→ Data extracts
((

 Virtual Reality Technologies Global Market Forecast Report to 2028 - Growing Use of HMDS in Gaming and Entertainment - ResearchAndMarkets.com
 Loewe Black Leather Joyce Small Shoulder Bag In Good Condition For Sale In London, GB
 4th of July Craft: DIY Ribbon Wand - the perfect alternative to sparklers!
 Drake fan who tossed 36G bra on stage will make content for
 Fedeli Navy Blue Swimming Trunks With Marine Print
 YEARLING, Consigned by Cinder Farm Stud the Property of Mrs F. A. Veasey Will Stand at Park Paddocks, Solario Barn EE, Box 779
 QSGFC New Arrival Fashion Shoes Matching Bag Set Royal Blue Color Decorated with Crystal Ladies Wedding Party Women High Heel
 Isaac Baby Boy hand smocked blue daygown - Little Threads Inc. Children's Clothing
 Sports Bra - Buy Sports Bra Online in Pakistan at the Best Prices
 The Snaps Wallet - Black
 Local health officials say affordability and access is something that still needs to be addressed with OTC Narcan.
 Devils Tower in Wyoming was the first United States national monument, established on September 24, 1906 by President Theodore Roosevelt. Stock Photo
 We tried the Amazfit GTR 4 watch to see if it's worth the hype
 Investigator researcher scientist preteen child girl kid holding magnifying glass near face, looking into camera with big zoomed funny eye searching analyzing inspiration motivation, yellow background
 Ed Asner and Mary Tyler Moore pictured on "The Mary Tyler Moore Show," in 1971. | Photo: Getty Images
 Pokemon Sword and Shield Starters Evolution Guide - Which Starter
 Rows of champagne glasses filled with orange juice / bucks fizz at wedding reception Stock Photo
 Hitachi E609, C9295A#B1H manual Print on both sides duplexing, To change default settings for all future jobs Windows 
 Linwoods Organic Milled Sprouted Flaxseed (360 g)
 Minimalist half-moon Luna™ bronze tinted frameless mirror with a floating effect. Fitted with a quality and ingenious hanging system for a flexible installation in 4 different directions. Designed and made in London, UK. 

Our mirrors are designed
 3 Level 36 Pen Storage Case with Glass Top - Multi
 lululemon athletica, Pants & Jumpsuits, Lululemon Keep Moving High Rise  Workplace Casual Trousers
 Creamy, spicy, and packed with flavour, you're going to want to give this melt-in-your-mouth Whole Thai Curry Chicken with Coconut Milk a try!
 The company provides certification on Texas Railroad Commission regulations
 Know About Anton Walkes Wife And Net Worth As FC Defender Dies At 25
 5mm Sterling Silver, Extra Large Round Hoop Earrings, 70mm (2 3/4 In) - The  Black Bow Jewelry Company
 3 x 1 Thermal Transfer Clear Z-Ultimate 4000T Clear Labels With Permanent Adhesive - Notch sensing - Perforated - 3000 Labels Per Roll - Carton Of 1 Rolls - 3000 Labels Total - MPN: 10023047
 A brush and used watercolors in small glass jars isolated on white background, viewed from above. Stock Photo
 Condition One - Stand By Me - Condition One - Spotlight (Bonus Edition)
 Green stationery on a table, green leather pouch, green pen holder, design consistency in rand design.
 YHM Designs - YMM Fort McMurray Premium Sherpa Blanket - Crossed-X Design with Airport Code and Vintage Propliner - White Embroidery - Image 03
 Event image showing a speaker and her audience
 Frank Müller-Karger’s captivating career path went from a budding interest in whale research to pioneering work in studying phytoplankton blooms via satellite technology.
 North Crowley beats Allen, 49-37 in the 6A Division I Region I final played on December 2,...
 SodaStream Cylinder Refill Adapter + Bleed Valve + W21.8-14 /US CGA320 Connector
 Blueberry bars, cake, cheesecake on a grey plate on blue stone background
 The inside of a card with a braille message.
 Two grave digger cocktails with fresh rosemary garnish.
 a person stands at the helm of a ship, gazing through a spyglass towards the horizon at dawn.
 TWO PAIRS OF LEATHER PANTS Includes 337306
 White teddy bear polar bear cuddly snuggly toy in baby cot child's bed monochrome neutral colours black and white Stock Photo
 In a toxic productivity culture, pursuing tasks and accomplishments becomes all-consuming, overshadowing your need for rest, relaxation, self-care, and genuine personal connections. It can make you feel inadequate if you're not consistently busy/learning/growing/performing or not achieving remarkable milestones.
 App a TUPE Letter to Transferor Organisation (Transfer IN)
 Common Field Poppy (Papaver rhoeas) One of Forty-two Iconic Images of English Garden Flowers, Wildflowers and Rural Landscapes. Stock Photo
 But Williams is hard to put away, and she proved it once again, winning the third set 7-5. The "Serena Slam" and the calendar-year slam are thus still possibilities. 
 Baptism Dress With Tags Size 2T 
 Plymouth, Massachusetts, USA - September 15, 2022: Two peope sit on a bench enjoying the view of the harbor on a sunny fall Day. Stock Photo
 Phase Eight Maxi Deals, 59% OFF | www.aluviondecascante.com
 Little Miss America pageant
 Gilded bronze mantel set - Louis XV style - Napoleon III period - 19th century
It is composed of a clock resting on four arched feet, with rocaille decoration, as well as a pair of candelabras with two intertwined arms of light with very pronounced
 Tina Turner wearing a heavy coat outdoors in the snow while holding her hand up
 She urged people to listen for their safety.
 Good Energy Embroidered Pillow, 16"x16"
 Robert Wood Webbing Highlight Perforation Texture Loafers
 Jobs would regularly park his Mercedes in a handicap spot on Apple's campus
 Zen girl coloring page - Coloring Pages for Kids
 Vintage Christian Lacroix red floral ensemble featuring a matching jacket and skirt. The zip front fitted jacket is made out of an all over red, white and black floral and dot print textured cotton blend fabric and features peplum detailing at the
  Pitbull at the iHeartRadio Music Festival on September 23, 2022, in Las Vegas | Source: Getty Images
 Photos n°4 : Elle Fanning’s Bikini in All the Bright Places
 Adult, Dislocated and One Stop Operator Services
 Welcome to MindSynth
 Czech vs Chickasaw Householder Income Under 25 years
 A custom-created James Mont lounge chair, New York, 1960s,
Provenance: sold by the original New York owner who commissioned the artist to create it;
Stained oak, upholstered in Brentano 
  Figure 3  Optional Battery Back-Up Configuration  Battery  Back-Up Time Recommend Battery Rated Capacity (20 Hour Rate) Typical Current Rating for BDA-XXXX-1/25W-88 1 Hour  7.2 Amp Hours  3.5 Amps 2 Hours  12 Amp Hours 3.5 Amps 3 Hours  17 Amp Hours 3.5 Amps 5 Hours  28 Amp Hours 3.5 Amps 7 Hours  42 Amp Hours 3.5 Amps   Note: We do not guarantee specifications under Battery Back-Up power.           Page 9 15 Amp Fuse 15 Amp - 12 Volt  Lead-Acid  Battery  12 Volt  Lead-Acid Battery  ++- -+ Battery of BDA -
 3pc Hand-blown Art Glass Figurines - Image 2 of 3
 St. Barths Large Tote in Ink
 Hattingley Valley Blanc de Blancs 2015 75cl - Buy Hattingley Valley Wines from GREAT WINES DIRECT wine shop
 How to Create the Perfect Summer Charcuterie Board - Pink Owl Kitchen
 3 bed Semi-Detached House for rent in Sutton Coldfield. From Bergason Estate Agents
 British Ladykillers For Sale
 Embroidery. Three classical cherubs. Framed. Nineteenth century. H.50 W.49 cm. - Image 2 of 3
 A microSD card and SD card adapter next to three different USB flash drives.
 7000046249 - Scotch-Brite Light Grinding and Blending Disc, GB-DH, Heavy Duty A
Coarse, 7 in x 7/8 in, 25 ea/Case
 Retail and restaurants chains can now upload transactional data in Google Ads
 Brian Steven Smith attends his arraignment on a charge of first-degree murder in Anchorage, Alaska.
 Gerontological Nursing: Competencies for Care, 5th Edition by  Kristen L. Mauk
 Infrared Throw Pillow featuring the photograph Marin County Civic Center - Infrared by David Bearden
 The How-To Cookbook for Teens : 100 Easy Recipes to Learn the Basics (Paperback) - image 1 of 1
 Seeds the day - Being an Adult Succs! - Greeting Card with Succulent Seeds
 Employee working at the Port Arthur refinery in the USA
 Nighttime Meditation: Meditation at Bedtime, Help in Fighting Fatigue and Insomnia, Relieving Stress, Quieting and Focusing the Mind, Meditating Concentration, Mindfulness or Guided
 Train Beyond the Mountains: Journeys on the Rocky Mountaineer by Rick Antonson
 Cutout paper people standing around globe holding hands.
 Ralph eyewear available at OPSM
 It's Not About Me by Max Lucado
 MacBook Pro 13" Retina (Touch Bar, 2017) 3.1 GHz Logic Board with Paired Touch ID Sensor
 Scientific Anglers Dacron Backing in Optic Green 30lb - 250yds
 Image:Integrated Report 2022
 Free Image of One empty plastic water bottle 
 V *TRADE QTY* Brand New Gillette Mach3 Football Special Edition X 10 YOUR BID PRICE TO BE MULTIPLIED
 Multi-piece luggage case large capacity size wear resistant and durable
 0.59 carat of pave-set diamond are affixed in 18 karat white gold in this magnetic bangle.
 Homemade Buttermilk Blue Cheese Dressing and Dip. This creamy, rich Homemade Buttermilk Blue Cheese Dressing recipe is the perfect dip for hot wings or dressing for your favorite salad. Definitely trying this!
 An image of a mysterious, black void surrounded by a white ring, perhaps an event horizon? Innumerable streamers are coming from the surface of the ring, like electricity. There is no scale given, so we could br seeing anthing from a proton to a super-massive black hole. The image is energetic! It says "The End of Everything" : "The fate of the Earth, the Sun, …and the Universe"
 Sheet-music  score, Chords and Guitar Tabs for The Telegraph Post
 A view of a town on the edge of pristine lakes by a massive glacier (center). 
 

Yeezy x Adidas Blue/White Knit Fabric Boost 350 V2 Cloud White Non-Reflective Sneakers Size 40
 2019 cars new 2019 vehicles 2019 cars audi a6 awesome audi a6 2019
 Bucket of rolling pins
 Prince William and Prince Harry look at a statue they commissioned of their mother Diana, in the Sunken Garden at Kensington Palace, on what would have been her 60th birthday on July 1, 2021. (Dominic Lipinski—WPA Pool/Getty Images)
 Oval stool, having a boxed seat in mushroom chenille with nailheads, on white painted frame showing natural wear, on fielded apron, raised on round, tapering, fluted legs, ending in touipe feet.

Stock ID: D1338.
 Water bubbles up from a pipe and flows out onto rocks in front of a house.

))

→ Work instruction
All lines in the data above from the one with "4th of July" through the one with "Fedeli Navy Blue" must be repeated exactly, and no others.

→ Final answer
 4th of July Craft: DIY Ribbon Wand - the perfect alternative to sparklers!
 Drake fan who tossed 36G bra on stage will make content for
 Fedeli Navy Blue Swimming Trunks With Marine Print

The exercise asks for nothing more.